You know... the interesting thing is I don't think very many people have hit on this thread or others like it in the same forum.  When you're in that forum enter "standard" into the search function and see what comes up.  There are several different threads related to the topic that you might find helpful (you might have to go back several pages through the search results).


----------



## caffn8me (Feb 23, 2009)

Forget "white beauty standards" - you can be truly gorgeous no matter what your colour (although I have to confess I have yet to see an attractive green person!).

I'm going to steal something and adapt it here;

*Beauty is for all races, all sexes, all ages*

Just because _you_ don't think you are beautiful doesn't mean that others don't think you are.

Learn to love yourself.  After all, you're stuck with you for life so you might as well get used to it.

You're far better off looking natural than looking as though you've had oodles of plastic surgery and fake.  White beauty standards?  Inspite of of oodles of plastic surgery, I think not.

Have you ever thought about Body dysmorphic disorder?  Go and read about it and come back and tell us what you think.


----------



## caffn8me (Feb 23, 2009)

Adding a little bit to what I wrote previously, I drove through Tooting in south west London this afternoon.  It's very diverse ethnically and has lots of shops catering for ethnic populations (Jamaican, Tamil, Pakistani, Polish, Indian, Somali and many others).

Traffic was slow and I found myself sitting opposite a health shop.  The very largest poster (by a long way) in their window was for a skin whitening product.  I found that _incredibly_ sad but it also made me angry inside 
	

	
	
		
		

		
		
	


	




What is _wrong_ with having a darker skin tone?  Nothing,  Beauty hasn't got _anything_ to do with skin colour.


----------



## LoveMU (Feb 23, 2009)

You're definitely not alone.  I always think of ways to change myself, tanner skin, bigger lips, bigger boobs, sigh.  The list goes on and on.  I forget about that stuff most of the time and focus on myself as a beautiful woman.  I try to focus on my own features that I like, and I know that others find me attractive too, and I'm sure that lots of people find you attractive!

It's hard to live life hating the way you look.  I also used to obsess about my large, heart-shaped face, the fact that I'm short, etc.  I'm white but I don't look like a lot of white people, my features are a bit diff because I am eatern european.  It sounds hard to believe, but I also have struggled with my looks as being different from others.  
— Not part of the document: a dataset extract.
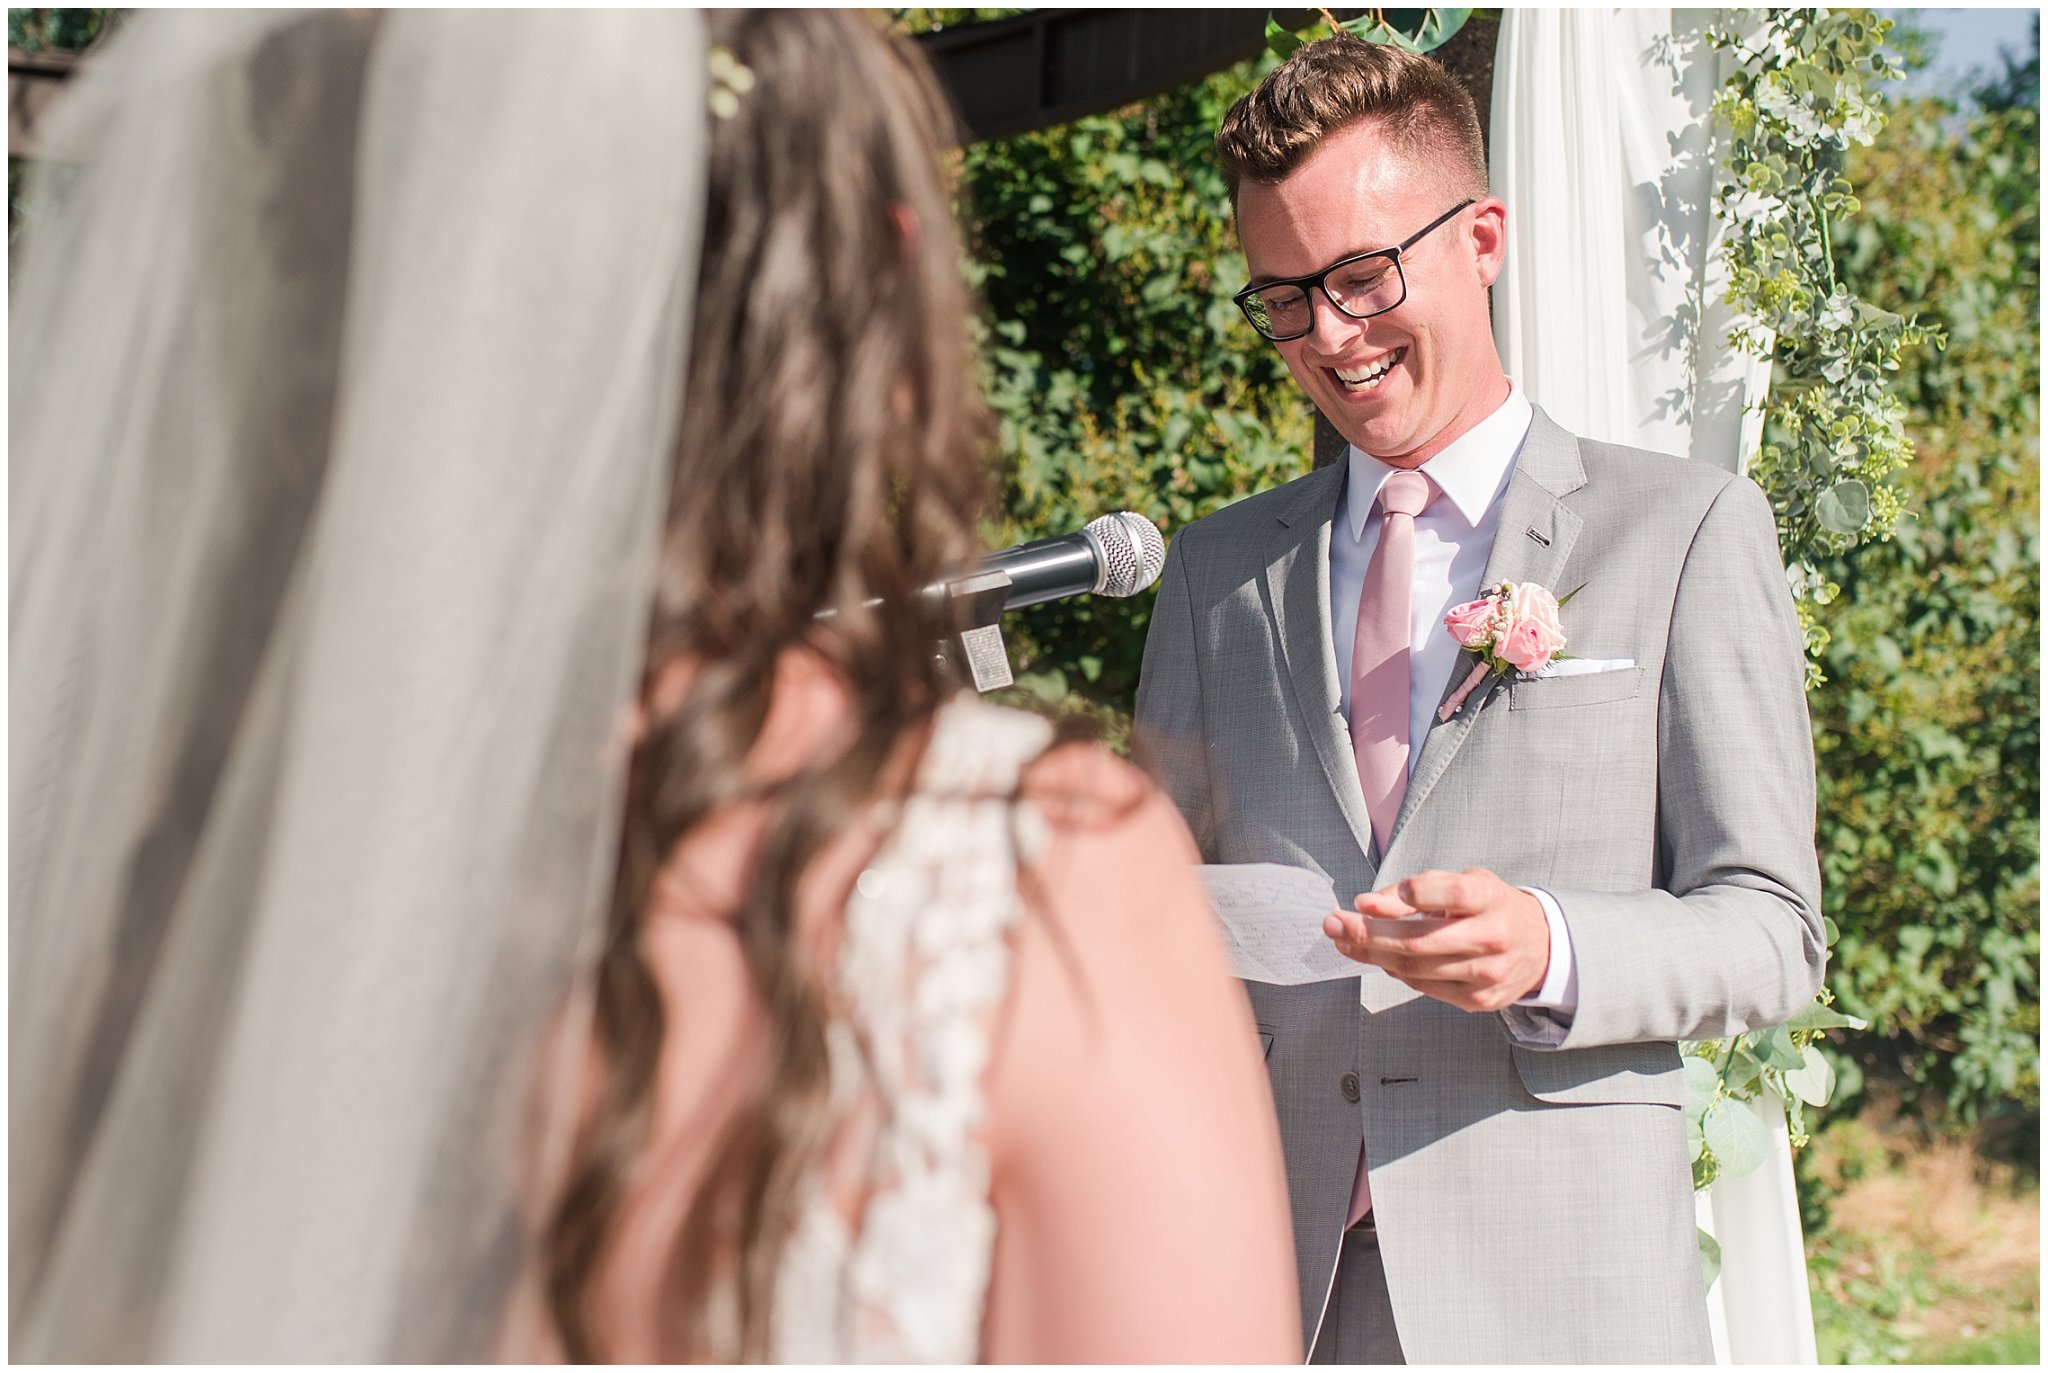 Groom reads vows during ceremony | Oak Hills Utah Dusty Rose and Gray Summer Wedding | Jessie and Dallin Photography
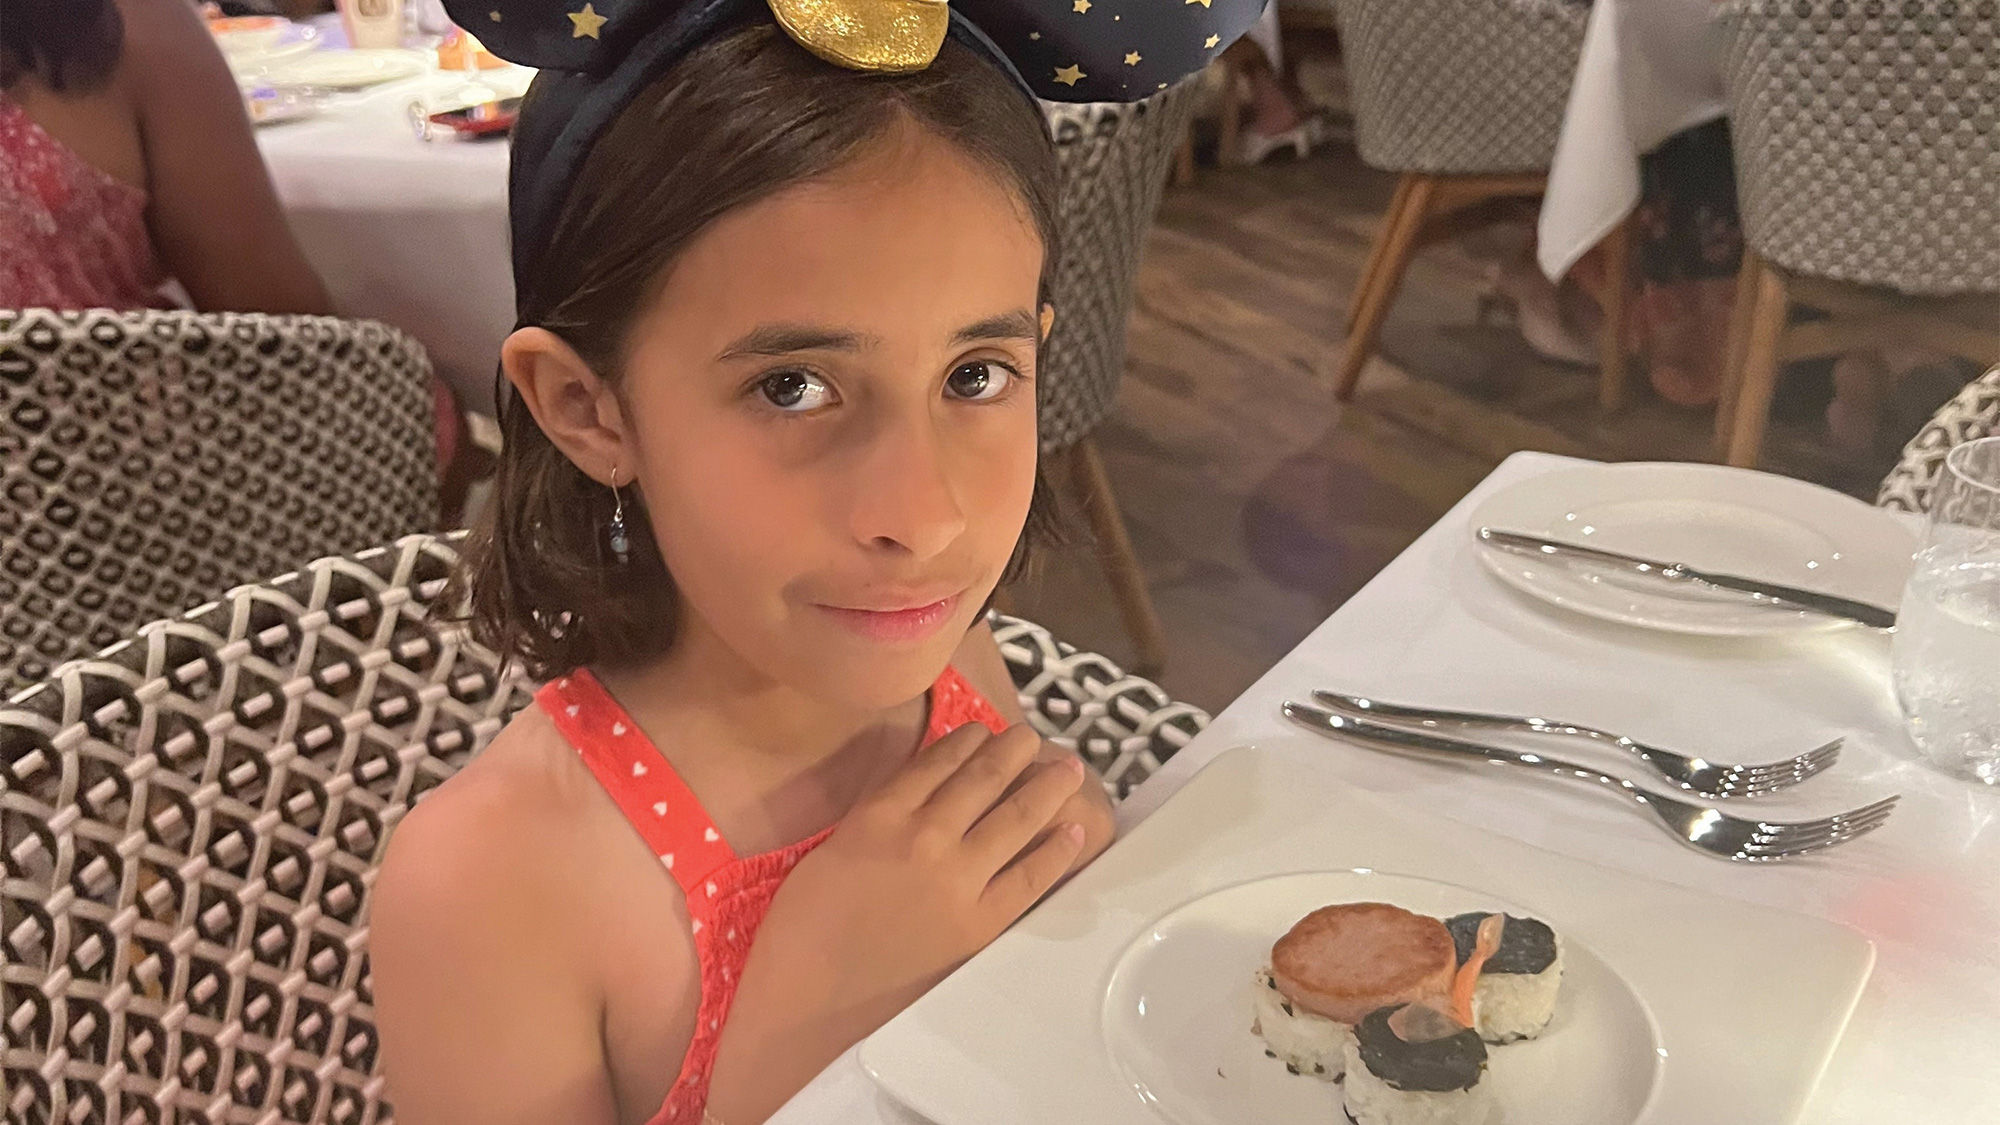 The writer's daughter liked the rice and the nori in the mouse ear musubi served at the Aulani's Ama Ama restaurant.

You know what tho, most guys tell me they love asian women, and I'm sure you don't realize how beautiful you are!


----------



## luvsic (Feb 24, 2009)

.


----------



## luvsic (Feb 24, 2009)

.


----------



## BloopBloop (Feb 24, 2009)

Quote:

   Originally Posted by *caffn8me* 

 
_Adding a little bit to what I wrote previously, I drove through Tooting in south west London this afternoon.  It's very diverse ethnically and has lots of shops catering for ethnic populations (Jamaican, Tamil, Pakistani, Polish, Indian, Somali and many others).

Traffic was slow and I found myself sitting opposite a health shop.  The very largest poster (by a long way) in their window was for a skin whitening product.  I found that incredibly sad but it also made me angry inside 
	

	
	
		
		

		
		
	


	




What is wrong with having a darker skin tone?  Nothing,  Beauty hasn't got anything to do with skin colour._

 
urgh, in the philippines "white is beautiful" and there are alot of skincare companies that make money on this by selling "skin whitening" products. growing up, i was one of those that were brainwashed into not feeling good about being tan because all the "pretty" actresses were either very light skinned. nowadays, i embrace my tan skin and love it.


----------



## kaexbabey (Feb 24, 2009)

Quote:

   Originally Posted by *BloopBloop* 

 
_urgh, in the philippines "white is beautiful" and there are alot of skincare companies that make money on this by selling "skin whitening" products. growing up, i was one of those that were brainwashed into not feeling good about being tan because all the "pretty" actresses were either very light skinned. nowadays, i embrace my tan skin and love it._

 
i used to feel the same way. i used all the papaya soaps and lotions. some worked for a bit. then i gave up cuz one of them gave me a really bad rash. now i'm naturally lighter, (i guess it was bound to happen, my mom is PALE with a capital P lol) but i kind of wanna tan now. i guess color doesn't matter, as long as it's smooth


----------



## sn0wbunnie (Feb 24, 2009)

As a Caucasian living in a city populated heavily by Asians, I have to tell you that most of the other "white" girls here wish they looked as amazing as the Asian women.  And it's not just the flawless skin, the deep eyes, or the incredible hair that we covet, it's also the body type.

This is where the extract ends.